Can you recommend some books for our interested readers who want an overview of the Middle East conflict?

There are two good pro-Palestinian overviews: Charles D Smith, Palestine and the Arab-Israeli Conflict, and the new edition of David Hirst, The Gun and the Olive Branch. From the New History I would recommend the books by Simha Flapan, Ilan Pappe, and Benny Morris. I would not recommend my own book but simply note that The Iron Wall: Israel and the Arab World covers the first 50 years of this conflict. There are also several critical sociologists who write about the conflict, notably Baruch Kimmerling.

Finally, would you like to comment on the so called ‘New Anti-Semtism’?

That is a very important issue as in recent years there has been an upsurge of anti-semtism in Europe. That is undeniable. The debate is about its causes.

One view is that the new anti-semitism is essentially a revival of old anti-semitism, of deeply-rooted hostility and hatred towards the Jews.

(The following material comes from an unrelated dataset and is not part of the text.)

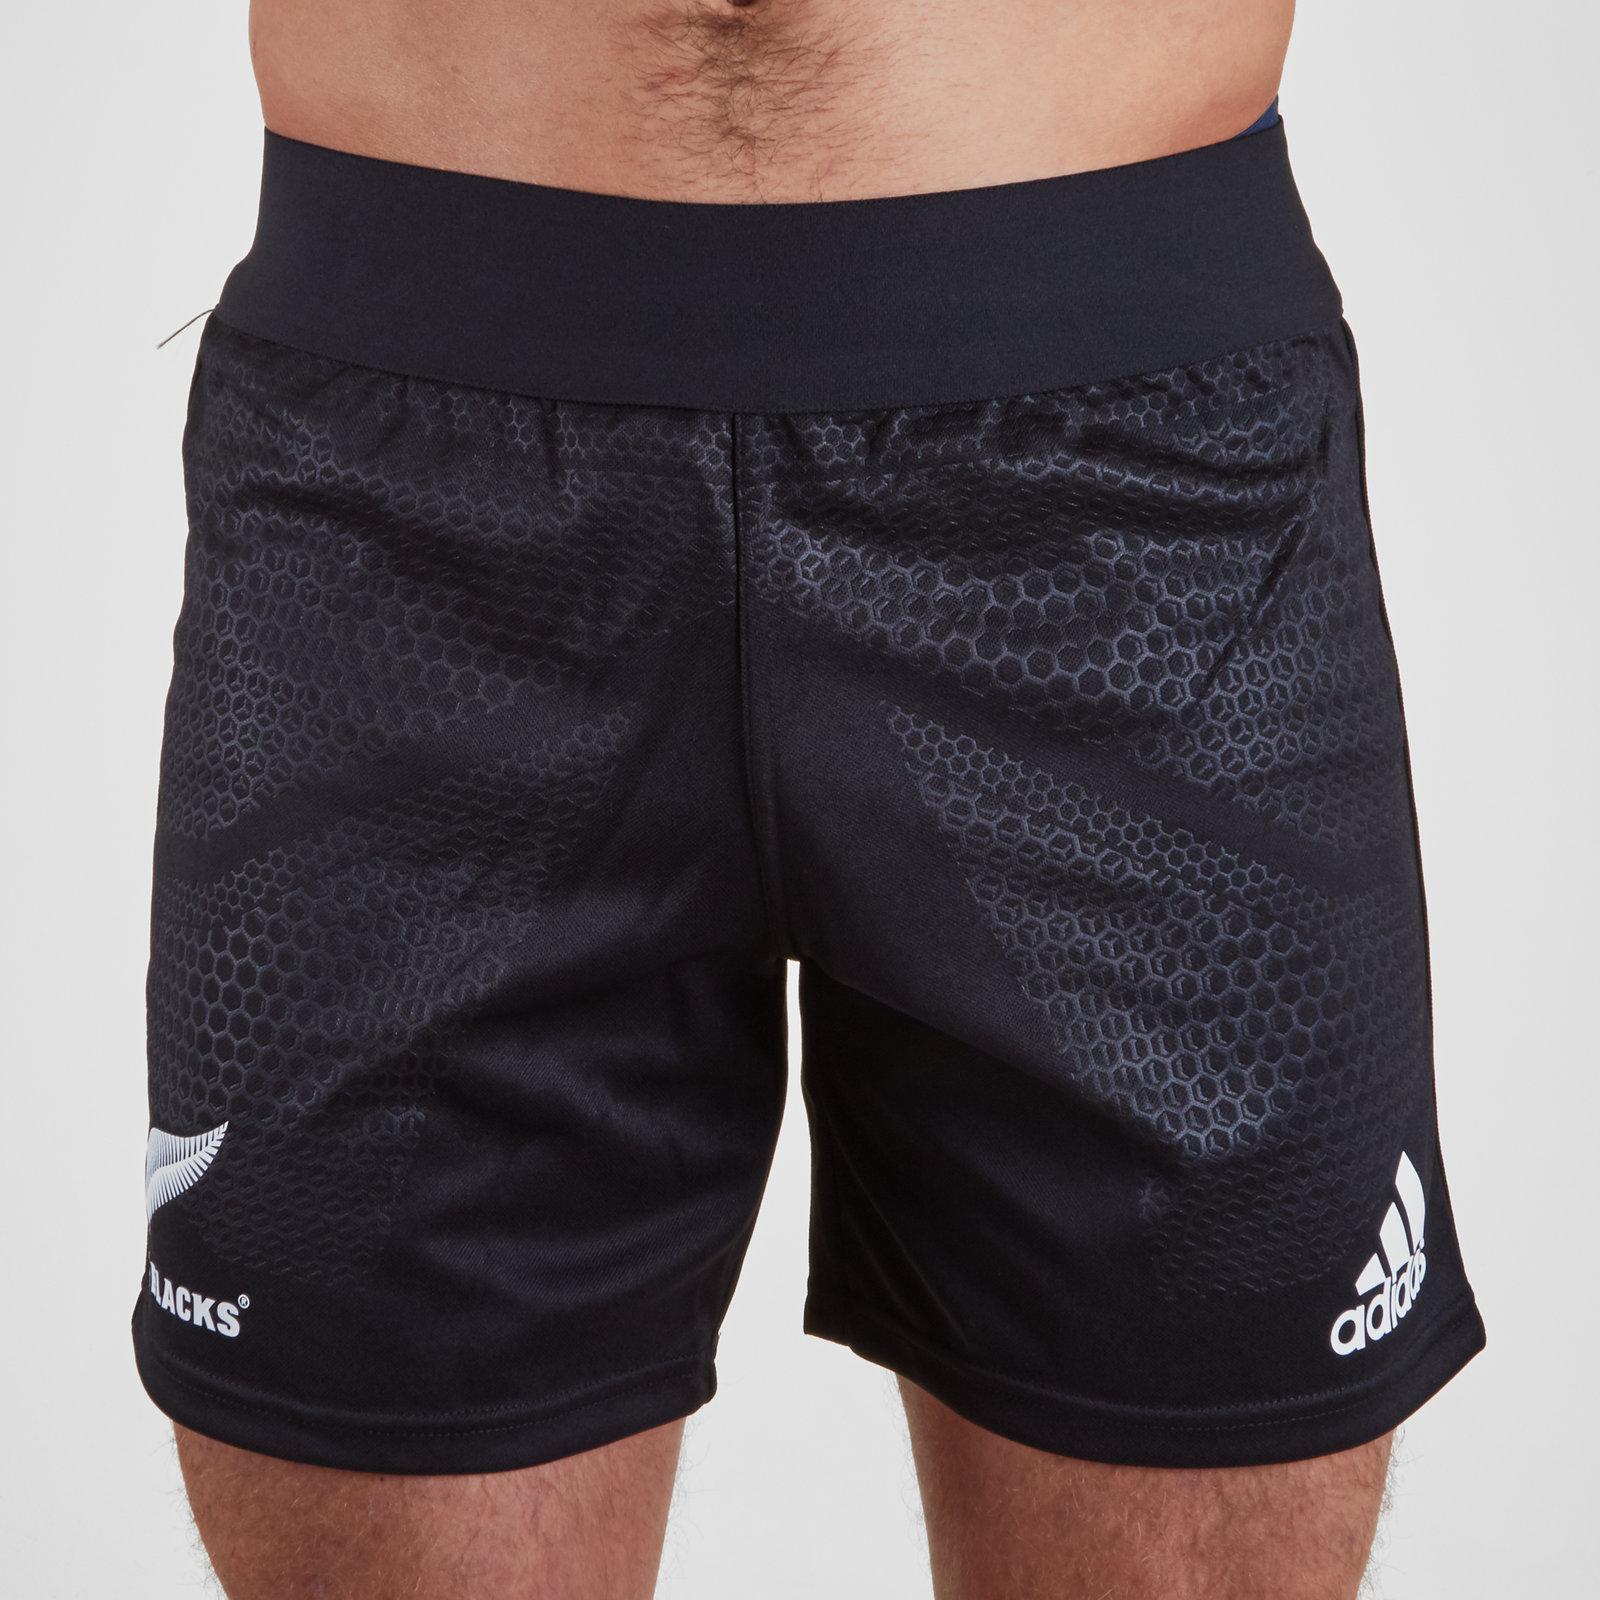 New Peformance Shorts

The other view emphasises the contemporary sources of the new anti-semitism.

Without denying for a moment that there is plenty of old anti-semitism about, it seems to me that among the most important contributory causes of the new anti-Semitism are the policies of the Sharon government. It is necessary to distinguish between anti-Semitism and opposition to Sharon’s particular brand of Zionism, which has nothing to do with traditional Jewish values of truth, justice, and morality. Sharon is the enactment of the most exclusive, aggressive, and xenophobic aspects of Zionist ideology. There is growing hostility towards Israel, and by extension towards Jews everywhere as a direct result of the relentless war he is waging against the Palestinian people.

Israelis have always tried to silence criticism by claiming that the motives behind it are anti-semitism. But in most cases it is fair- minded people who see the suffering of the Palestinians, and their sympathy is naturally on their side as the underdog. Sympathy for the Palestinians is not evidence of anti-semitism. I, for example, feel doubly guilty towards the Palestinians.

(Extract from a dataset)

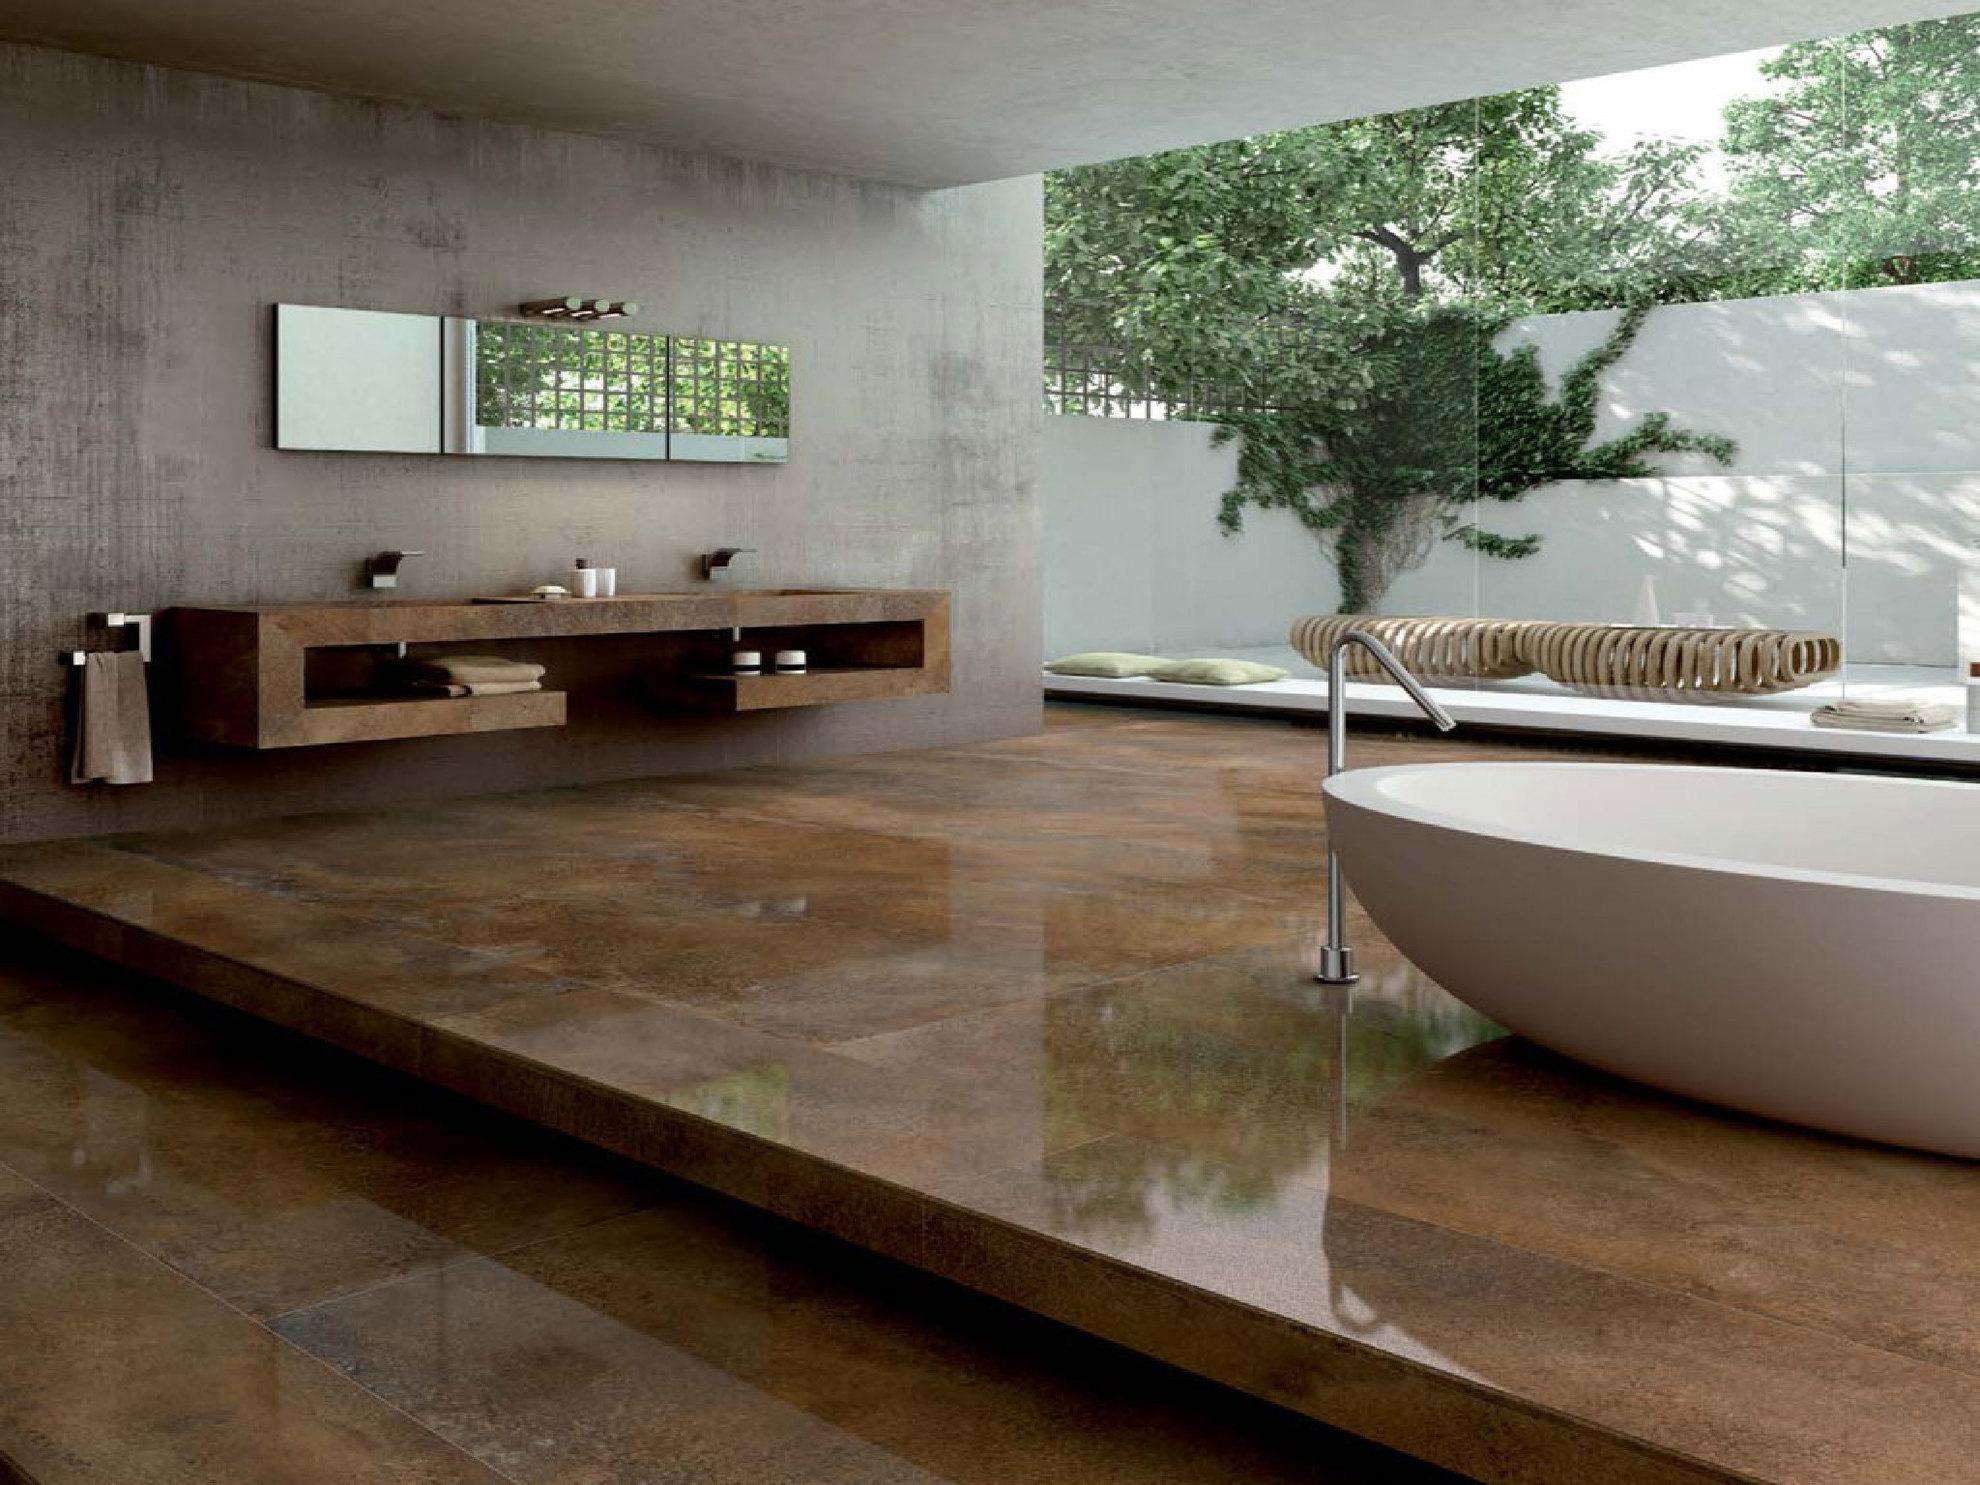 Piastrelle in gres per gli ambienti contemporanei floornature

I feel guilty as an Israeli for all the suffering Israel has inflicted upon them; and I feel guilty as an Englishman because of Britain’s long record of betrayal going all the way back to the Balfour Declaration. The Palestinians are the real victims of this conflict, and they deserve all the international sympathy and support that they can get. In short, it is essential today, more than ever, to make a clear distinction between anti-semitism and anti-Zionism.